According to one investigator, the company’s owner, Ryan Carroll, “operated as a care coordinator,” a role that is intended help Medicaid patients get “needed medical, social and other services, regardless of the funding source for the services to which access is granted.”
As the criminal complaint noted, someone contacted the Department of Health and informed them that Carroll “was having an inappropriate relationship with one of his… clients.” The ensuing investigation found that Carroll had been “documenting that he was providing monthly care coordination contacts to more than one client on the same date, time, but at different locations.” And “there was a total of $519,855.73 worth of claims between 2018 and 2022 that did not have sufficient documentation.”

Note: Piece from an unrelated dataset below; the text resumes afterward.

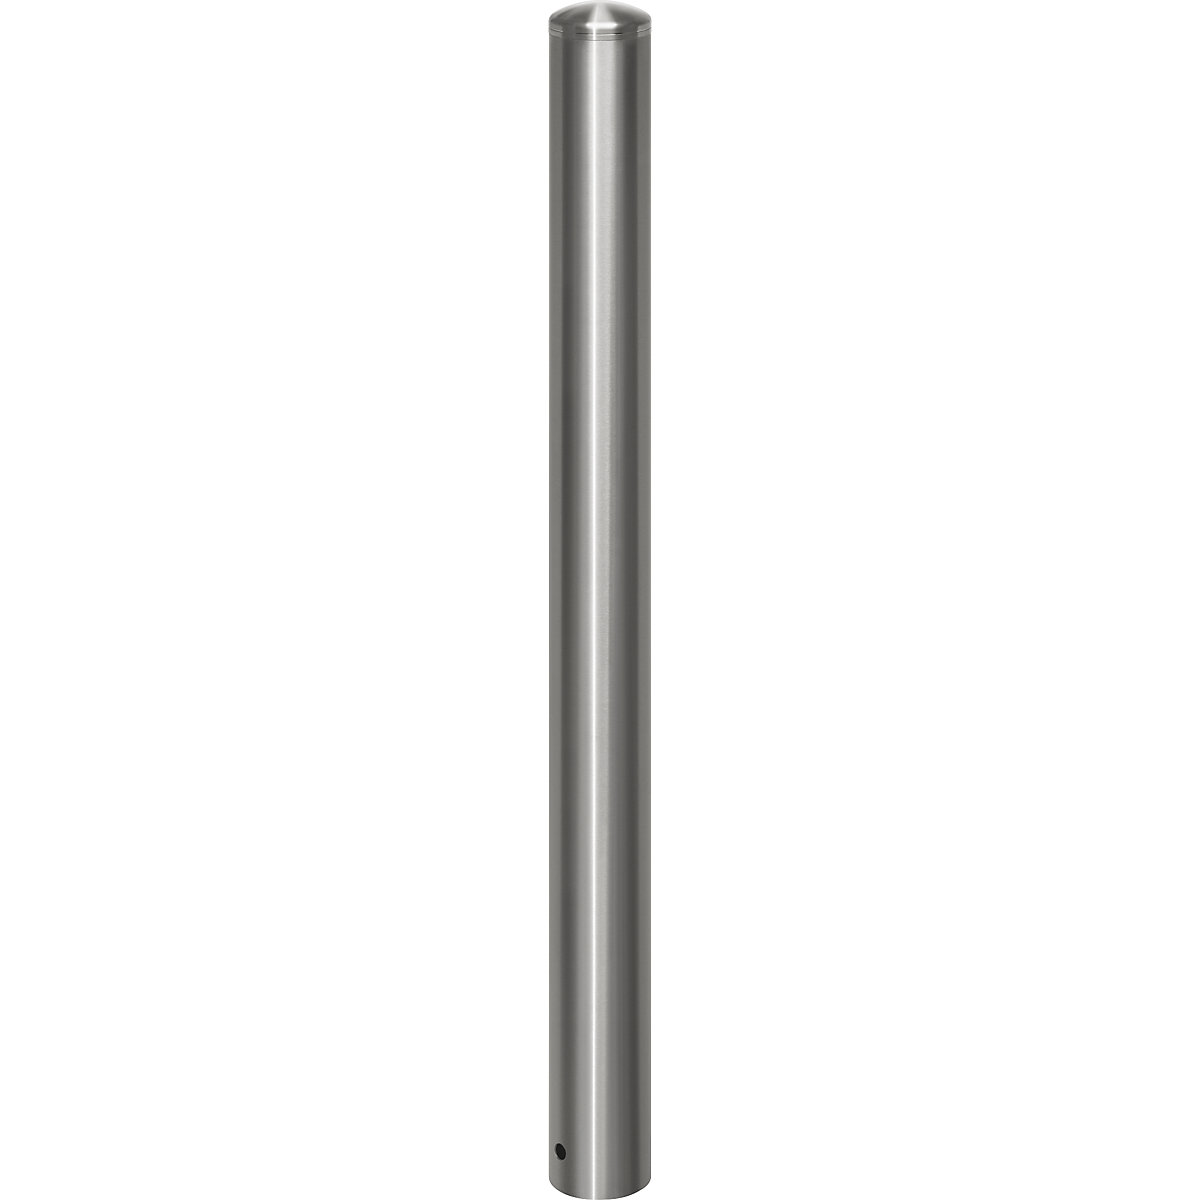 Stainless steel barrier post, with end cap, ground sleeve for concreting in, Ø 102 mm-5

In hindsight, you’d think that the company being named after a movie that also features killer bunny rabbits and catapults armed with cows would have raised suspicion sooner. Would anyone entrust matters of health care to, say, Your Mother Was a Hamster and Your Father Smelt of Elderberries LLC?
As Michael Palin once explained, the inspiration for the Knights Who Say “Ni” came from his sixth form teacher who would inadvertently say “ni” while combing through the shelves of the school history library wearing “tight trousers.”
Palin thought it would be funny to marry the teacher’s silly noise with a group of “very threatening, evil-looking people.”
Palin met the teacher years later, and he fully “endorsed” the movie’s use of his accidental catchphrase. Although it’s unclear how he would feel about alleged fraudsters adopting it.